When next he entered the market he was shadowed by a massive frame. It took Cole a moment to recognize the bald human as Melv, the mason Azeroth had fought for twenty silver. Melv’s expression was like he had just eaten a fistful of raw onions and a generous slice of lemon.

“Where’s the cado?” Melv sneered. Perhaps he meant to look intimidating, but he mostly looked like a colicky baby.

“The what?” Cole was distracted by the burn mark on Melv’s left shoulder.

Melv jabbed a thick finger into Cole’s chest. “The orc! I know you two work together. The Order wants him for aiding an infernal diablan.”

“I don’t know.” Cole marched away from Melv. He didn’t have time for this. It had just become noon and already he felt like he had been awake for three days.

Melv caught up to him in a shady alley. He roughly spun Cole to face him. “You may have missed it, but I’m with the Order now. There was a big recruitment drive after the Eldest Cleric was killed. I know your orc is friends with the diablan that did it. They both have a lot to answer for.”

Melv’s breath was saturated with foul spices. Cole winced the longer he had to stand this close to the man.

“Are you sure your not just mad that Azeroth caved in your cajones?” Cole asked.

Melv’s eyes narrowed. His grip on Cole’s shoulder grew tighter. “The orc knocked me on my back, he didn’t-”

For the second time today, Cole used violence to cut someone off. He rocketed his knee skyward, crushing Melv’s unarmored groin. The effect was immediate. Melv’s knees buckled and his eyes watered. He squealed a curse at Cole.

“Sorry, I was thinking of me.” Cole shrugged.

Cole continued down the alley, his new atlatl and darts bouncing with the haste of his step. He quickened his pace further when he heard Melv start shouting for the arrest of “A mixed-blood knife-ear.”

Cole could move faster than Melv’s words. He set aside any other destination to head straight for the stables.
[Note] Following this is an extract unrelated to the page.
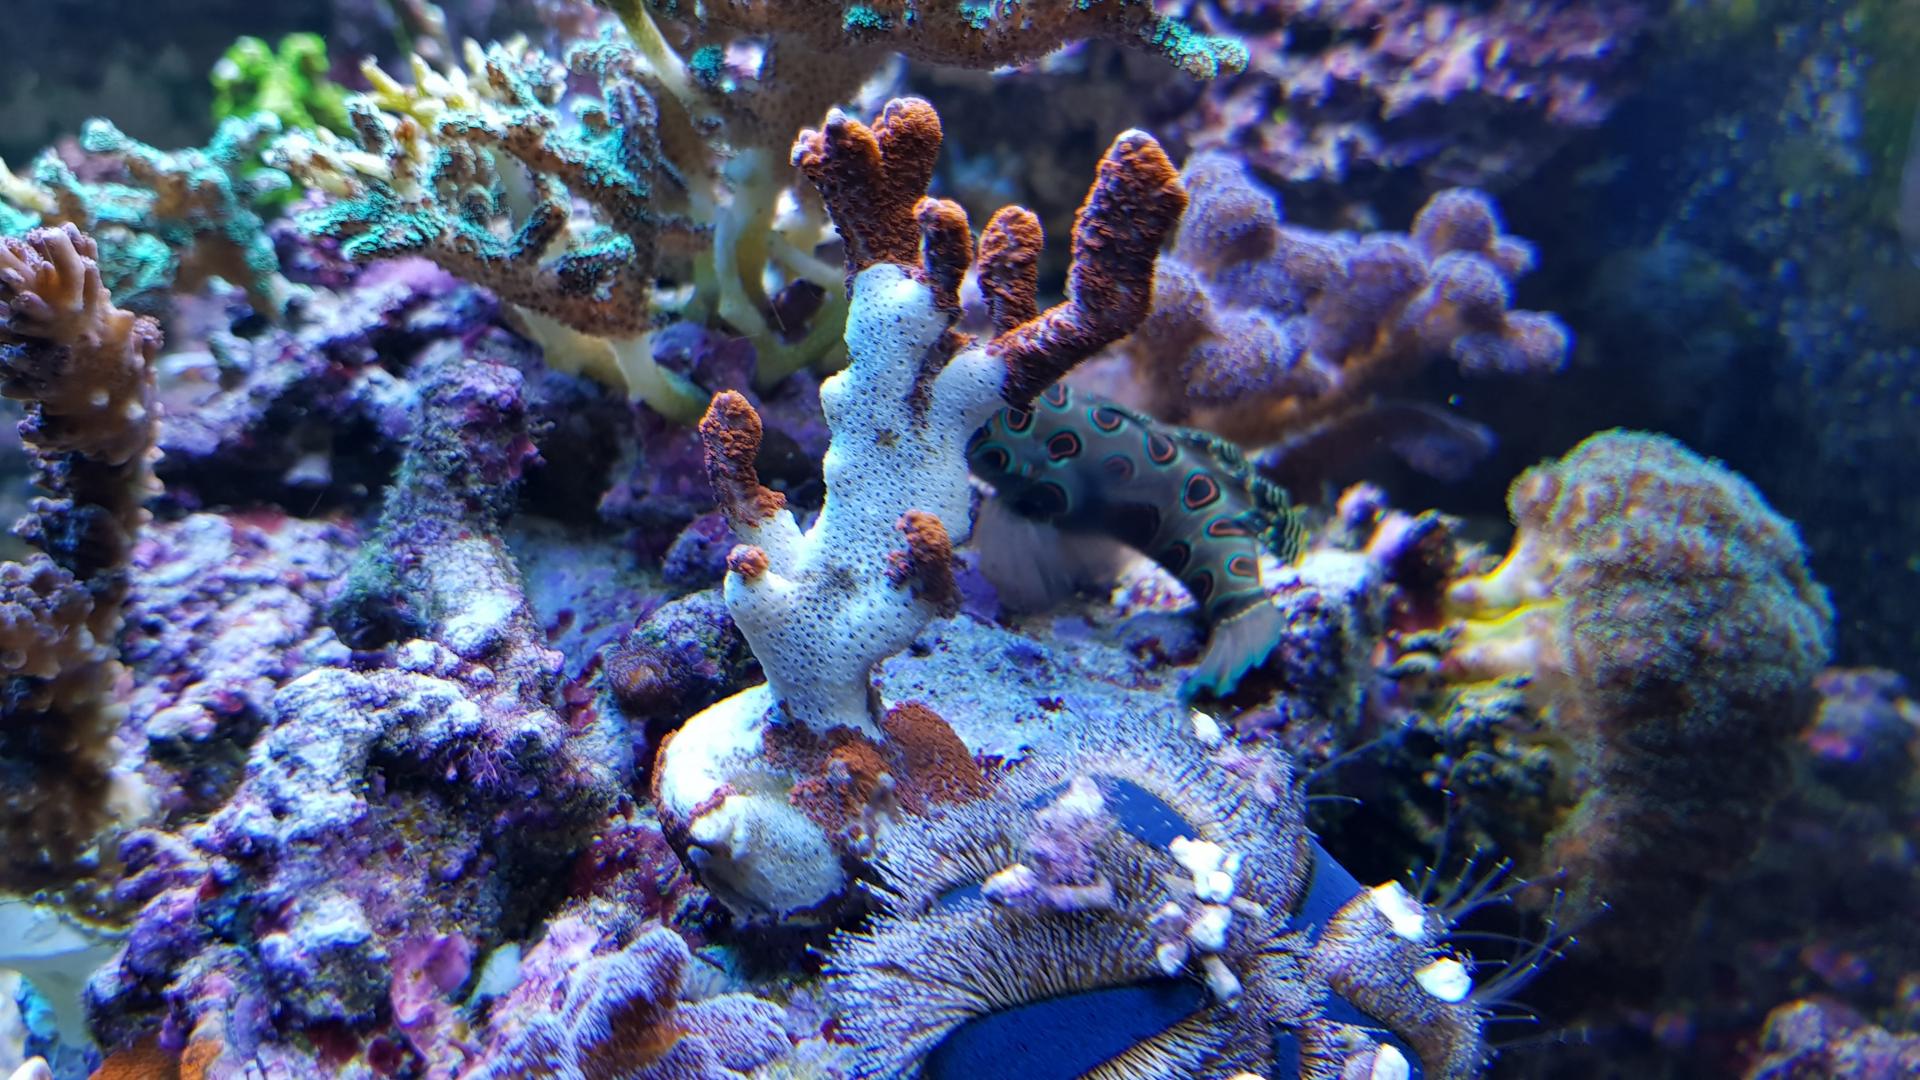 вычистил САМП. многие кораллы пришлось безжалостно выбросить, чтобы не разн...

He would use the last of his silver to buy a horse to take him to Spiral City. He didn’t know how much a horse would cost, so he aimed for the dingiest looking stable. He arrived flushed and huffing. The stable master informed him her last horse had just been bought.
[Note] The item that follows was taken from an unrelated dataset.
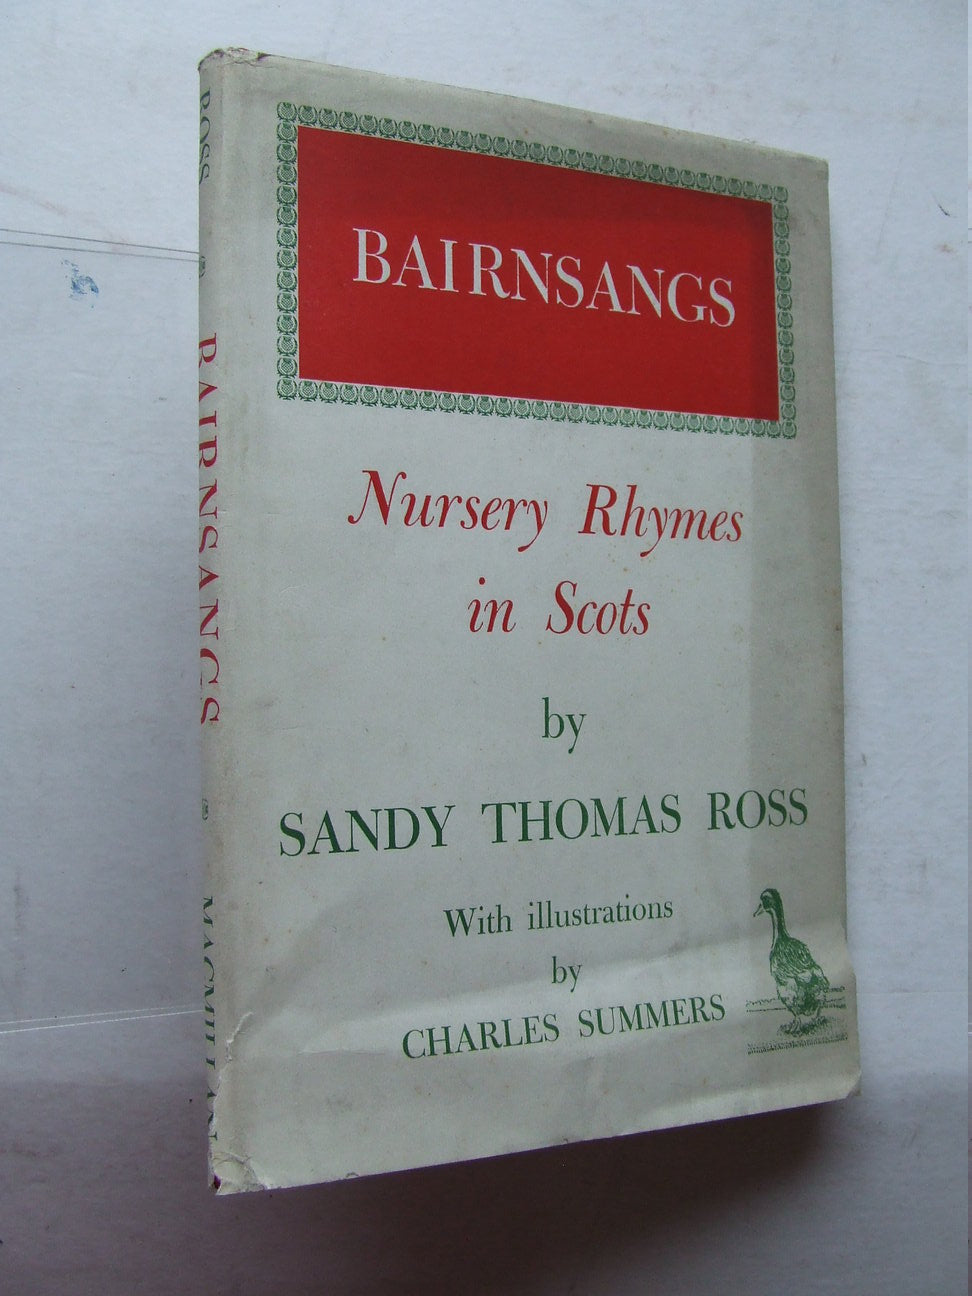 Bairnsangs, nursery rhymes in Scots

The buyer of said horse was at the end of the stall. Cole went to him, bag of coins extended for an immediate offer. Cole’s legs stiffened when he recognized the cactus flower tattoo on their neck. It was one of the guards from Outpost Onx, the one Cole let escape. The man recognized Cole in turn. Flanked by horses, the two men waited for the either to attack the other.

“I don’t want a fight…” Cole raised the bag of silver. “I just want your horse.”
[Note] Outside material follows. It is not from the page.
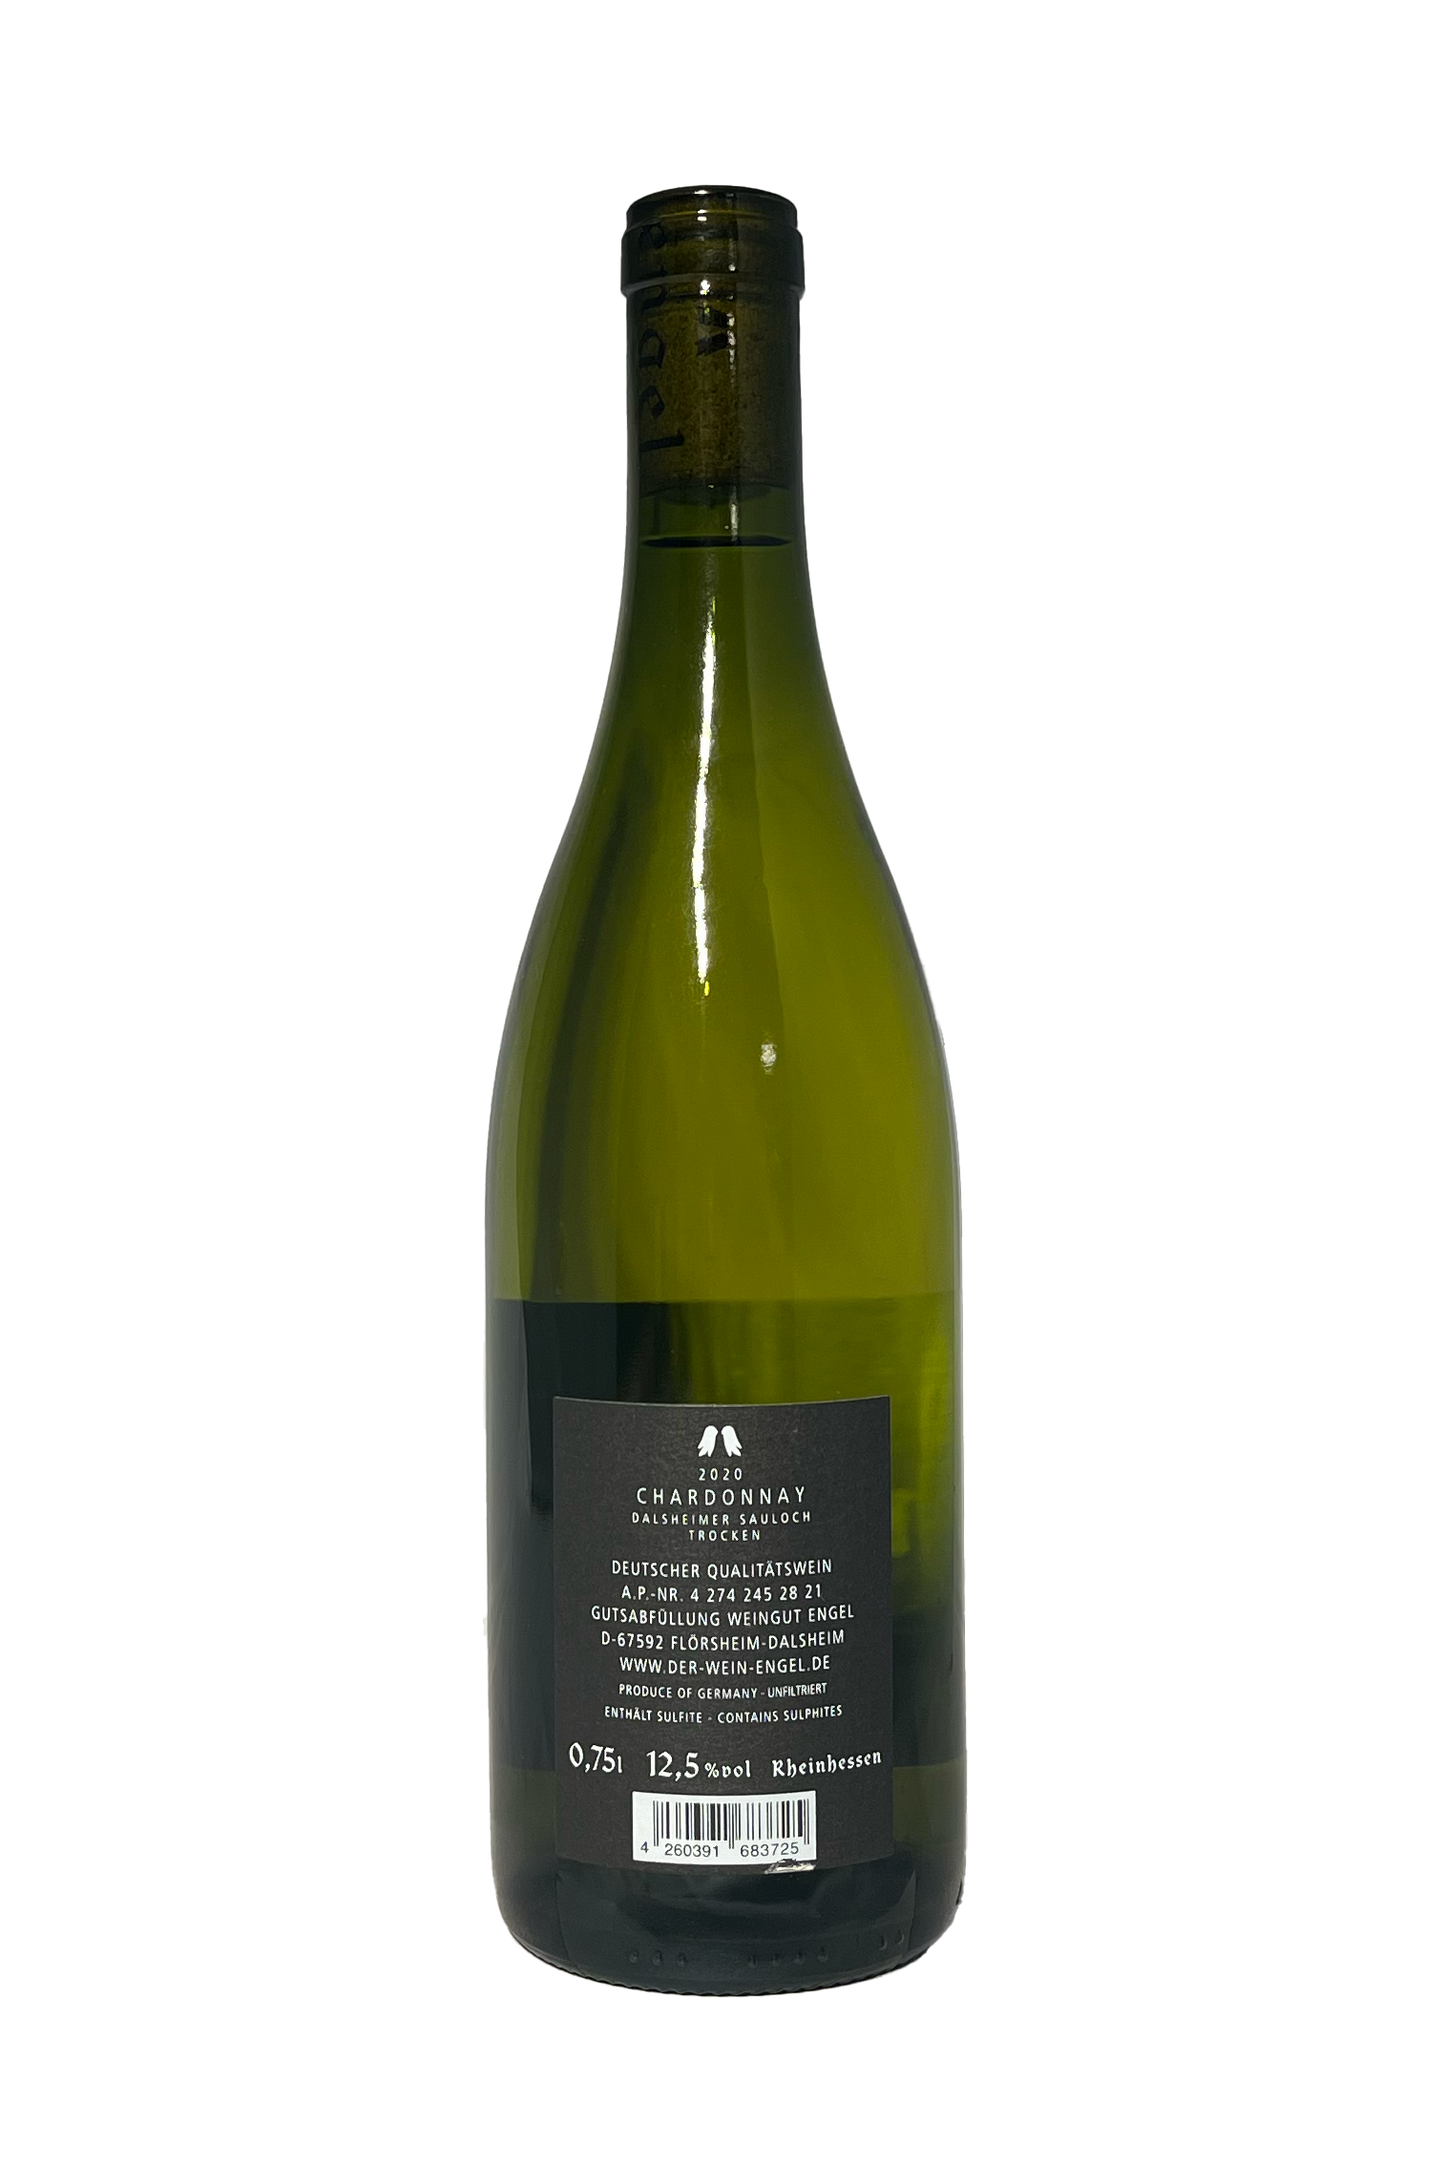 Weingut Engel Chardonnay Sauloch 2020

The tattooed man was gripping the reigns of a white Athshin Andalusian. He chewed on one of his long thumbnails. “You could have killed me yesterday. I suppose I owe you my life.”

“I suppose.” Cole replied in caution. He was keeping his attention to the front of the stable. Any moment Melv, or worse, could march in here.

“And, I suppose, a horse is worth that…” the tattooed man continued.

In a way, this was the first piece of good news Cole had heard today. He still wanted to be rid of the Order’s silver so he paid the man regardless of his reasoning for giving him the Andalusian. Cole fit his new atlatl into the horse’s saddlebags along with the other supplies he had bought in the market. The idiot Melv had interrupted him before he had a chance to get enough food. Perhaps he would have to practice his new weapon hunting wild hare. Thankfully, his waterskin was still full from refilling in the public well.

Spiral City was two weeks or more from Ramuf. More time Cole would be alone with nothing but his thoughts. When he had started today with Rerume he had looked forward to such a prospect, but now...now he didn’t trust his own judgment. The thought of being alone frightened him.